▶ **Data**
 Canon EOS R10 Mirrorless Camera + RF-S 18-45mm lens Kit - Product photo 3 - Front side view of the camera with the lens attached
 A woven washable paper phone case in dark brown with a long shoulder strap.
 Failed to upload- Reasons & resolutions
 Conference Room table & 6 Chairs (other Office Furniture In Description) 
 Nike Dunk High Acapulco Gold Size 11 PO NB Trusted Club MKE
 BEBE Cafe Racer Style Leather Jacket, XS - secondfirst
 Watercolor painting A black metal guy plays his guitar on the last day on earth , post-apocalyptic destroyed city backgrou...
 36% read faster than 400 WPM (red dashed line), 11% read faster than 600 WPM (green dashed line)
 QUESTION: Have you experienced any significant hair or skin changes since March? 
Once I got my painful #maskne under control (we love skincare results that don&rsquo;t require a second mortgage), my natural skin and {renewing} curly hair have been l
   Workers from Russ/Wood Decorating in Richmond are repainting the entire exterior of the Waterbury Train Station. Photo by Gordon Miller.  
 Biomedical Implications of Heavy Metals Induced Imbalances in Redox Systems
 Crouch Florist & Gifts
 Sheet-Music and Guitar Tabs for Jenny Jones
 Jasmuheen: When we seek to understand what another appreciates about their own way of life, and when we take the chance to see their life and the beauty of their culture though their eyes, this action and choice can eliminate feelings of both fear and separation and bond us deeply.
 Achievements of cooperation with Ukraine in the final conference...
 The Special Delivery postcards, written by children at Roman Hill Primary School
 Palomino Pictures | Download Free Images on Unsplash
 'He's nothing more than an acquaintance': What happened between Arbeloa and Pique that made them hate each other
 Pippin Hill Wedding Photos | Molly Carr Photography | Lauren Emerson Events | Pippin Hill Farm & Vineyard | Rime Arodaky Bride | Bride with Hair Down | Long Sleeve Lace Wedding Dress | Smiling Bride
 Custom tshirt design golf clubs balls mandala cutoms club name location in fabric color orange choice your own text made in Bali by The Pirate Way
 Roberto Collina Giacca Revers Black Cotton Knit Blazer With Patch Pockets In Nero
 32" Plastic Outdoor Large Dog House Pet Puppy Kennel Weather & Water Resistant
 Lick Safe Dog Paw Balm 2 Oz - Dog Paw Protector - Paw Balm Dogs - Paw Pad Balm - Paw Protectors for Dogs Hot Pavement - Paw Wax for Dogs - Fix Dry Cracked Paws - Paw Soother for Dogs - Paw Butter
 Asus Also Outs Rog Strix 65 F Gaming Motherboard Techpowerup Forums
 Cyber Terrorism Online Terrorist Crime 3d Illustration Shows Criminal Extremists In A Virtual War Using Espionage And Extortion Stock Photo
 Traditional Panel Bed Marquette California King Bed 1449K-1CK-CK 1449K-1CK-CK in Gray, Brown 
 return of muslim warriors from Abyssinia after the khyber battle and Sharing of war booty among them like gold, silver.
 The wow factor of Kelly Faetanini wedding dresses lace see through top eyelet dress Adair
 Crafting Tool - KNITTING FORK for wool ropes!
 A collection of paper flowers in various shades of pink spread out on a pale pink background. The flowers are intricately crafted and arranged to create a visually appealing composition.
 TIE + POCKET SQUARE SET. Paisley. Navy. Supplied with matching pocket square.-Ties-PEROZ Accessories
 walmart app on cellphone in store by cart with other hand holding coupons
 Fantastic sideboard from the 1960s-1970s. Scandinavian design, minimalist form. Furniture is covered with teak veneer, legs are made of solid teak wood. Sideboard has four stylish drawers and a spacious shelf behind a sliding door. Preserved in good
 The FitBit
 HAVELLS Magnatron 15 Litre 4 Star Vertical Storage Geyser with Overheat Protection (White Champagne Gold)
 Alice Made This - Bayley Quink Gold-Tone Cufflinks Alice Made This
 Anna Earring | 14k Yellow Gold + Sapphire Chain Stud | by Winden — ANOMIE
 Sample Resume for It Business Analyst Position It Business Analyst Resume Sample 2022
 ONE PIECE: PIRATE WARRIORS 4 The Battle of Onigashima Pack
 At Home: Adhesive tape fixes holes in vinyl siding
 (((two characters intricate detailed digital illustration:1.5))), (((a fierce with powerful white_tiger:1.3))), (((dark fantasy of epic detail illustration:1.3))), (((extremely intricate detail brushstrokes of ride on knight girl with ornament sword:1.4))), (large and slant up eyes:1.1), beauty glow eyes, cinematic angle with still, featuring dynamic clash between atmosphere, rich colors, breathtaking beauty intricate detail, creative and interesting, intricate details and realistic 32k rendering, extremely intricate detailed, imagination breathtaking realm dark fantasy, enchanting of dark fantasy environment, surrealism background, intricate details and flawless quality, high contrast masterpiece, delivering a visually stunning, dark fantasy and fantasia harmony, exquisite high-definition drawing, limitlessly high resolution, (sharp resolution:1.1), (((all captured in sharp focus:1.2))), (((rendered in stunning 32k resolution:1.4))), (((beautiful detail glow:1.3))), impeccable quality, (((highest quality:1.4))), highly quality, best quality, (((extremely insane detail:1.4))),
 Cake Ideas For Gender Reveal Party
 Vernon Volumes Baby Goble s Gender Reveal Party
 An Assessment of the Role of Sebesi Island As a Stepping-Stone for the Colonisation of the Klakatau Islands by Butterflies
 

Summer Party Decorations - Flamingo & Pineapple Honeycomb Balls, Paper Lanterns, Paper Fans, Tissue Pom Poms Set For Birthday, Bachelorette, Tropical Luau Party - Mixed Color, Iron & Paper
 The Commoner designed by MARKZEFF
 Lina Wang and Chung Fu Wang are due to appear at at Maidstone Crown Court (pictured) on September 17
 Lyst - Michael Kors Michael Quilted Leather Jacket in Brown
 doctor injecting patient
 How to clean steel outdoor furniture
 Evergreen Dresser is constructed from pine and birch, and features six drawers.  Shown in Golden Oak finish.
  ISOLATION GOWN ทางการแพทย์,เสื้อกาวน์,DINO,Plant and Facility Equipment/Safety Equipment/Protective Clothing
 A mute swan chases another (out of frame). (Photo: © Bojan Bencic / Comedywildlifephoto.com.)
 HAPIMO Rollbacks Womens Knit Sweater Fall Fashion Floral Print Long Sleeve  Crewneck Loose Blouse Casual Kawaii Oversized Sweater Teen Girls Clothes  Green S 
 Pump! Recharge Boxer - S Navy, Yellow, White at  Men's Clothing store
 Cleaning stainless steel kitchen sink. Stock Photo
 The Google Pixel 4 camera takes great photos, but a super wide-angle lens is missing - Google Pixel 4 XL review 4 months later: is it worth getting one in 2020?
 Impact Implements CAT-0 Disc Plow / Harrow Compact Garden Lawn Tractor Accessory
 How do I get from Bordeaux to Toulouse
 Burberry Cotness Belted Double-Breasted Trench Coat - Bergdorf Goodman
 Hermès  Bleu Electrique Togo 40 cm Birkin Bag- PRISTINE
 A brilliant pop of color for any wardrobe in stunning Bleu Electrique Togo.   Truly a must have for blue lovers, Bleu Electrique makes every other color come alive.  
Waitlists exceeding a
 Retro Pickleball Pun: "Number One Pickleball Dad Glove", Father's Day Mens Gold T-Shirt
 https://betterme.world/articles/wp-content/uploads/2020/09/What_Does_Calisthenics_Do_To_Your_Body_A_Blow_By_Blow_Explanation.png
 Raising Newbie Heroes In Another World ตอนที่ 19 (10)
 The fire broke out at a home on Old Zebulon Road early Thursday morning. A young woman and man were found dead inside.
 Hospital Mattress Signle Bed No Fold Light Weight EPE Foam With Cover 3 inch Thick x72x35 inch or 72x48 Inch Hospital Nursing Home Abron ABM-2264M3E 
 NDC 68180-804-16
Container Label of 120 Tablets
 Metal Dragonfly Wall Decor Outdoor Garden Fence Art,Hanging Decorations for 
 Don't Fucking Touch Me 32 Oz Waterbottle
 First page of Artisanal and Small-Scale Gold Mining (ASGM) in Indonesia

▶ **Instructions to follow**
Number of lines containing "Decorations" in the material above: give that number alone.

▶ **Result of the exercise**
2